July 21, 1999

ITC RULES FAVORABLY IN TRADE CASES, ADVANCES MATTER TO COMMERCE

 

    Weirton, WV -- Weirton Steel Corporation officials are pleased with a U.S. International Trade Commission (ITC) unanimous ruling today stating evidence exists that cold-roll steel imports from 12 countries threatened the domestic steel industry in 1998.

    The six-member ITC has forwarded its case to the U.S. Commerce Department, which will now begin its investigation into the matter.

    "We're pleased with the first step in this investigation.  Today's ruling was key in moving this matter toward an eventual outcome that will prove illegal activity occurred and the perpetrators will pay for the harm inflicted on our industry and its employees," said Gregg Warren, Weirton Steel spokesman.

    The violation involves a selling practice known as "dumping."  Dumping occurs when a country sells its steel in the U.S. at a price below that which it sells the same product in its home market, or when a country sells its steel in the U.S. at prices below what it costs to produce.
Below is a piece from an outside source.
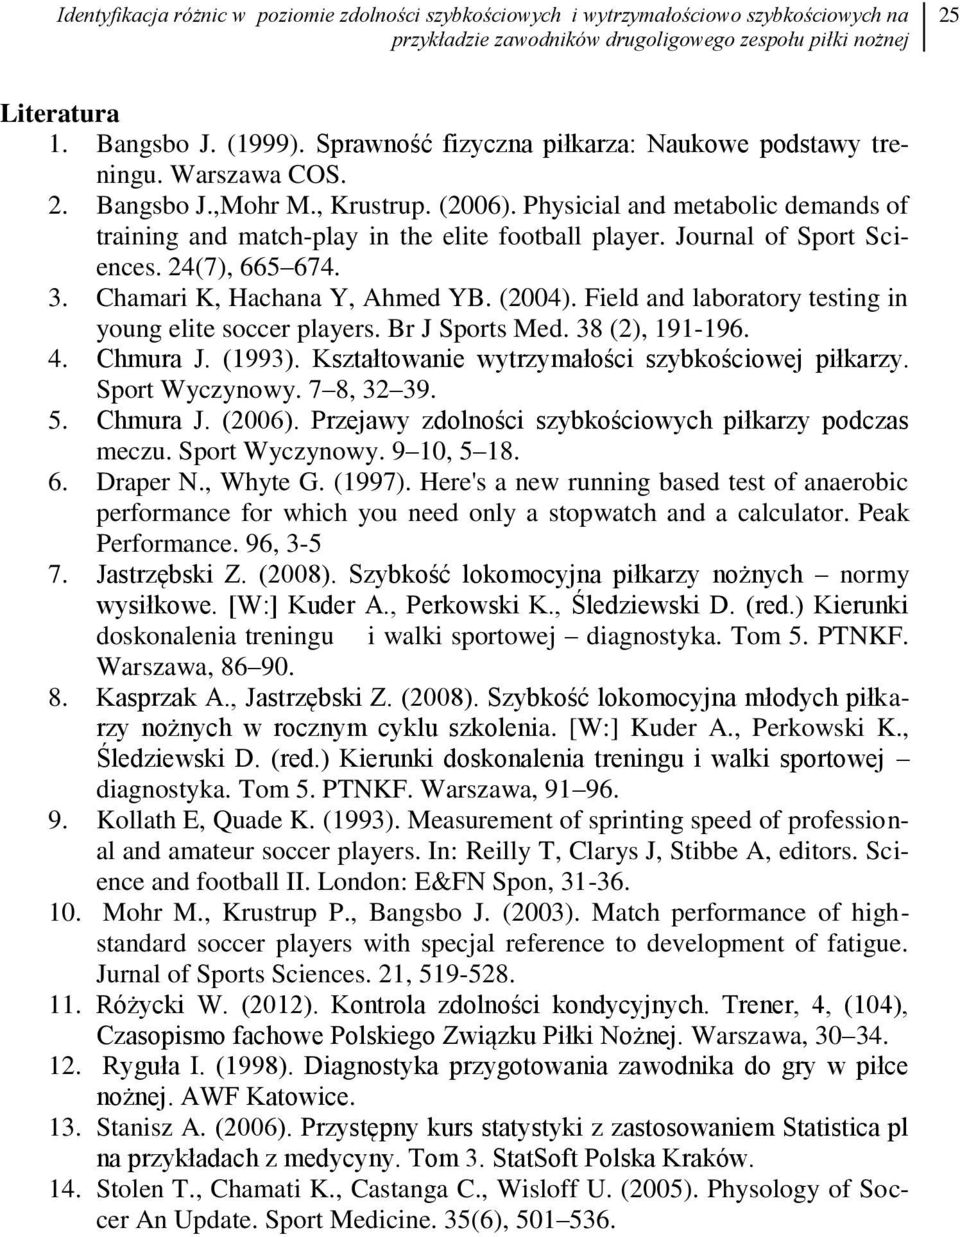 Journal of Sport Sciences. 24(7), 665 674. 3. Chamari K, Hachana Y, Ahmed YB. (2004). Field and laboratory testing in young elite soccer players. Br J Sports Med. 38 (2), 191-196. 4. Chmura J. (1993).

    If Commerce also finds that the U.S. steel industry was harmed, it will issue a preliminary ruling and assess preliminary duties on future cold rolled entering the U.S. from the accused countries.  Such a decision from Commerce would be sent back to ITS, which would continue the investigation and determine if the duties should be enforced.

    The 12 countries targeted in the investigation include China, South Africa, Turkey, Brazil, Argentina, Thailand, Russia, Venezuela, Japan, Indonesia, Slovakia, and Taiwan.

    Cold-rolled imports from the defendant countries totaled 2.3 million tons in 1998, a 121 percent increase since 1996, a year when steel imports were at a relative norm.  The product from these countries represented over 63 percent of all cold rolled imported in 1998, the record year for all steel imports.

    Cold-rolled imports from the 12 countries captured nearly 14 percent of the U.S. market last year.  This compares to an average import market share of 11.3 percent in 1997 and 6.5 percent in 1996 for the same countries.

    Illegally priced and subsidized steel imports have been blamed for recent financial losses at U.S. steel mills and the loss of thousands of steel jobs.